Sustainable Development Goals:"Transforming our World" with Innovation

Eng. Maritza VARGAS
Independent Environmental and Sustainability Consultant
WATER: Hydroelectric Power
On September 25th, 2015 at the United Nations Sustainable Development Summit was adopted the resolution named “Transforming our world: 2030 Agenda for Sustainable Development”1 including 17 Sustainable Development Goals (SDGs) and 169 targets to end poverty, fight inequality and injustice,
improve health and education, achieve economic growth with decent work, provide clean energy, water and infrastructure, create sustainable cities, protect the natural environment and biodiversity and tackle climate change in an atmosphere of peace and justice.
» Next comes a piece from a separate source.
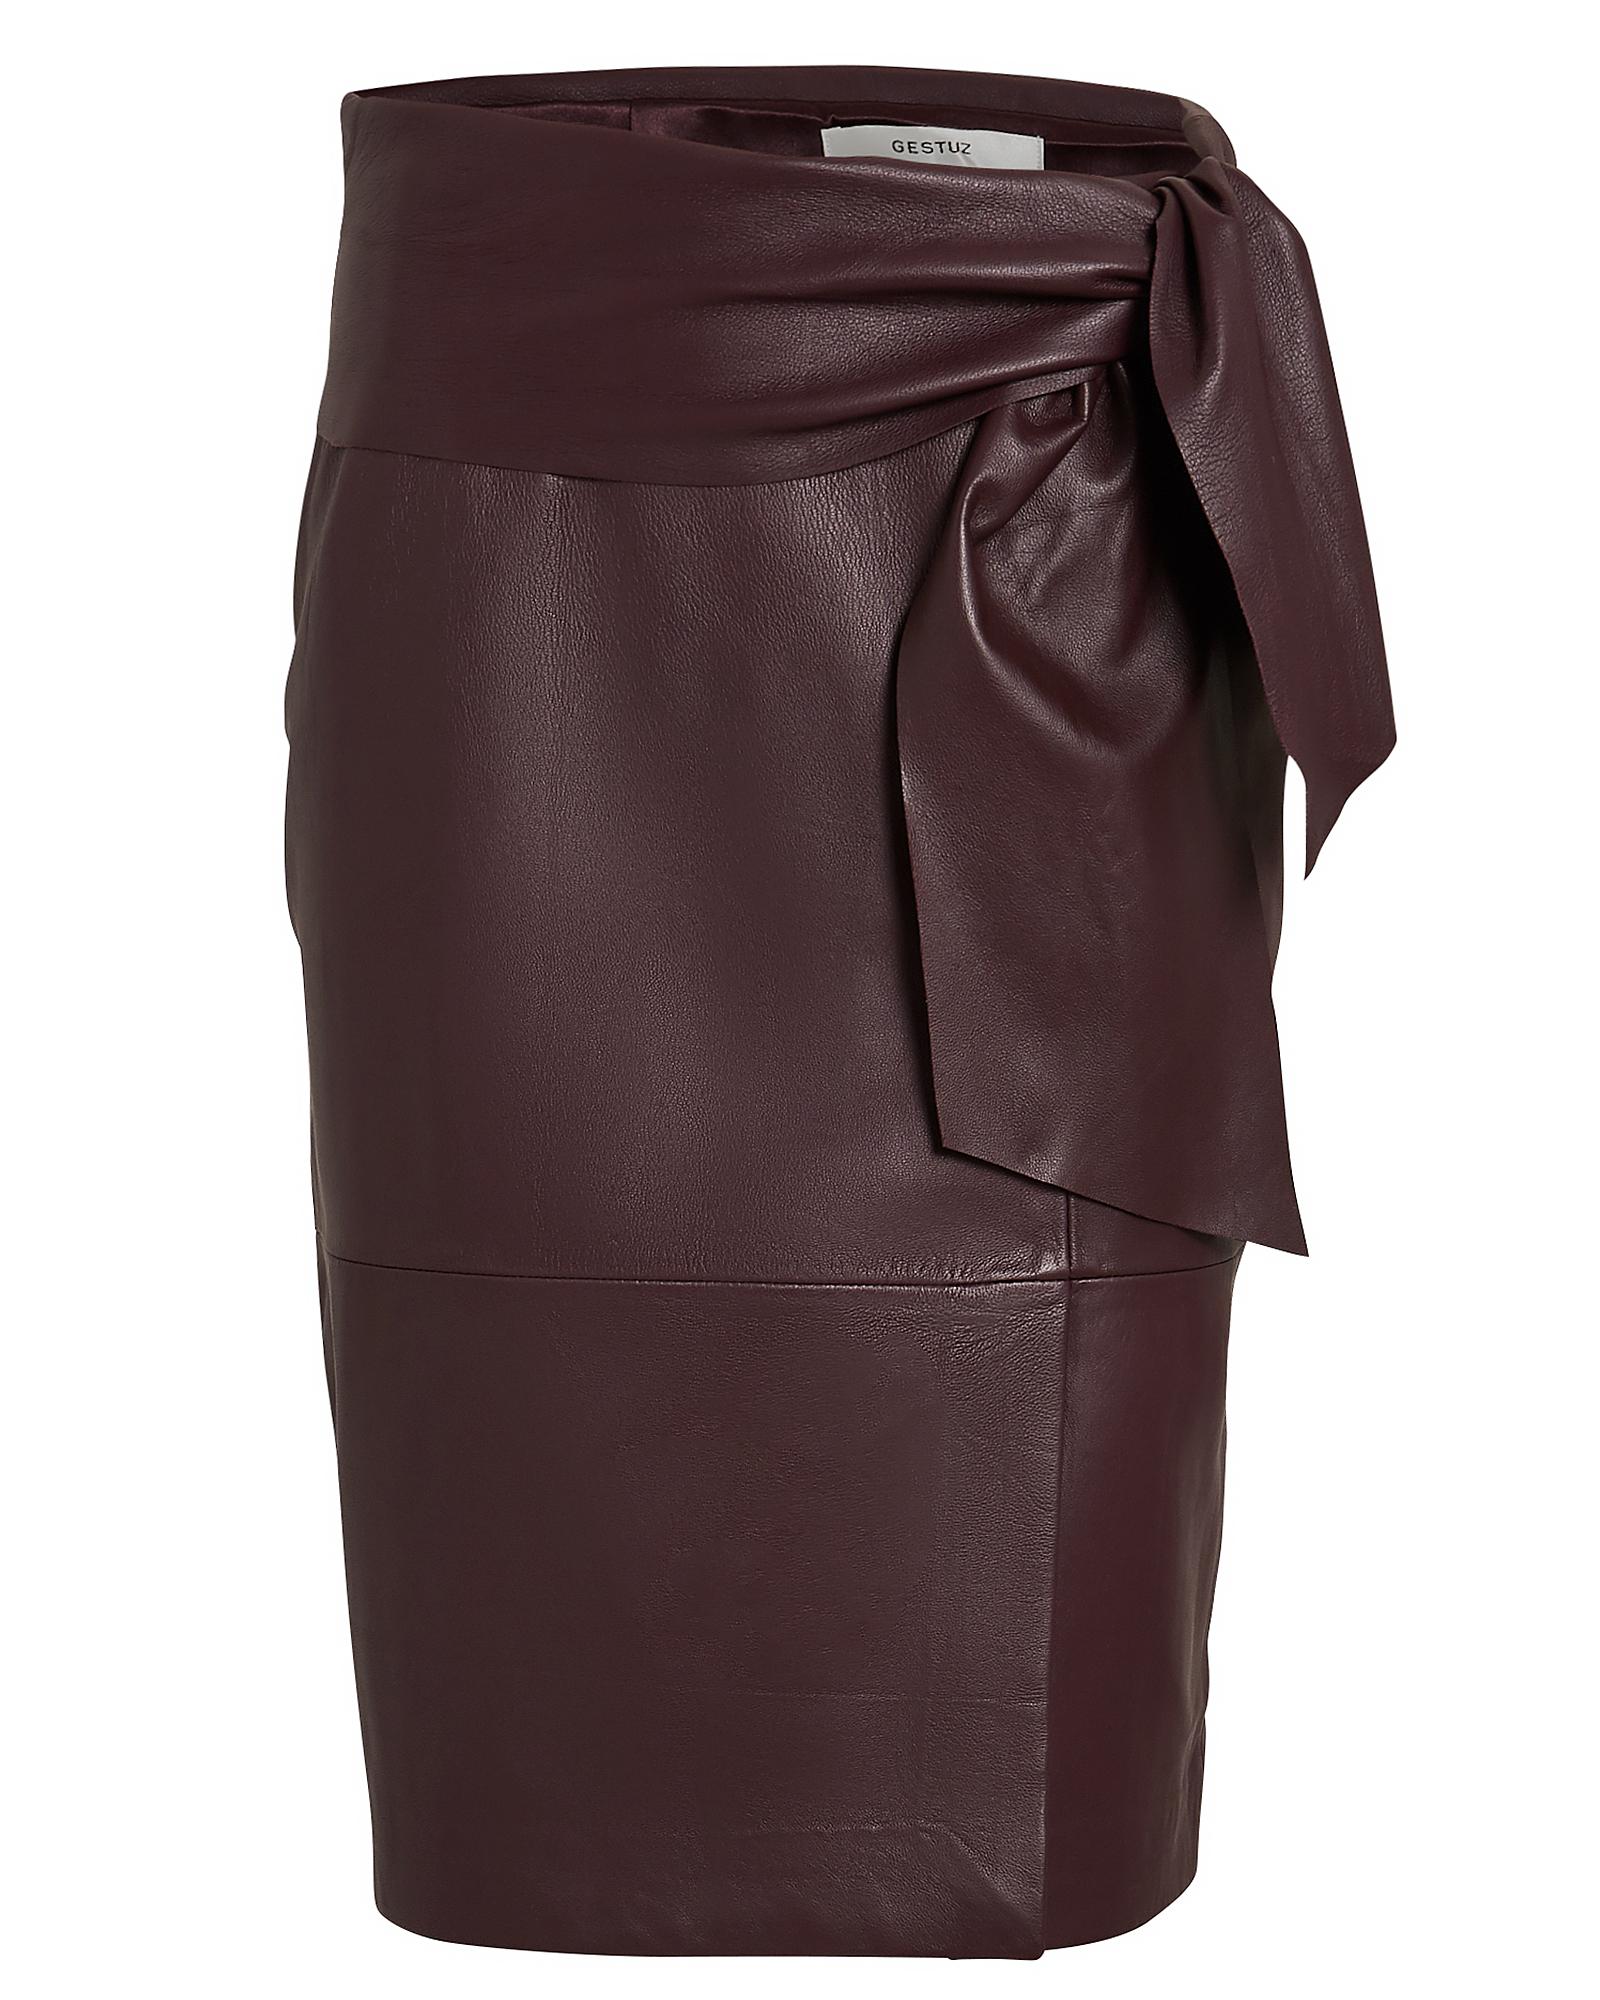 Aliah Gz Tie Waist Leather Skirt by Gestuz

70 years after the foundation of the United Nations this historical resolution was taken by over 190 world leaders in New York as “universal, integrated and transformative vision for a better world” in the words of Secretary general Mr. Ban Ki-moon.

The 17 SDGs are continuing the work set on this way fifteen years ago by the Millennium Development Goals (MDGs)2, which in September 2000 rallied the world around a common 15 years agenda to tackle the indignity of poverty and hunger, particularly over the most vulnerable citizens: children and women.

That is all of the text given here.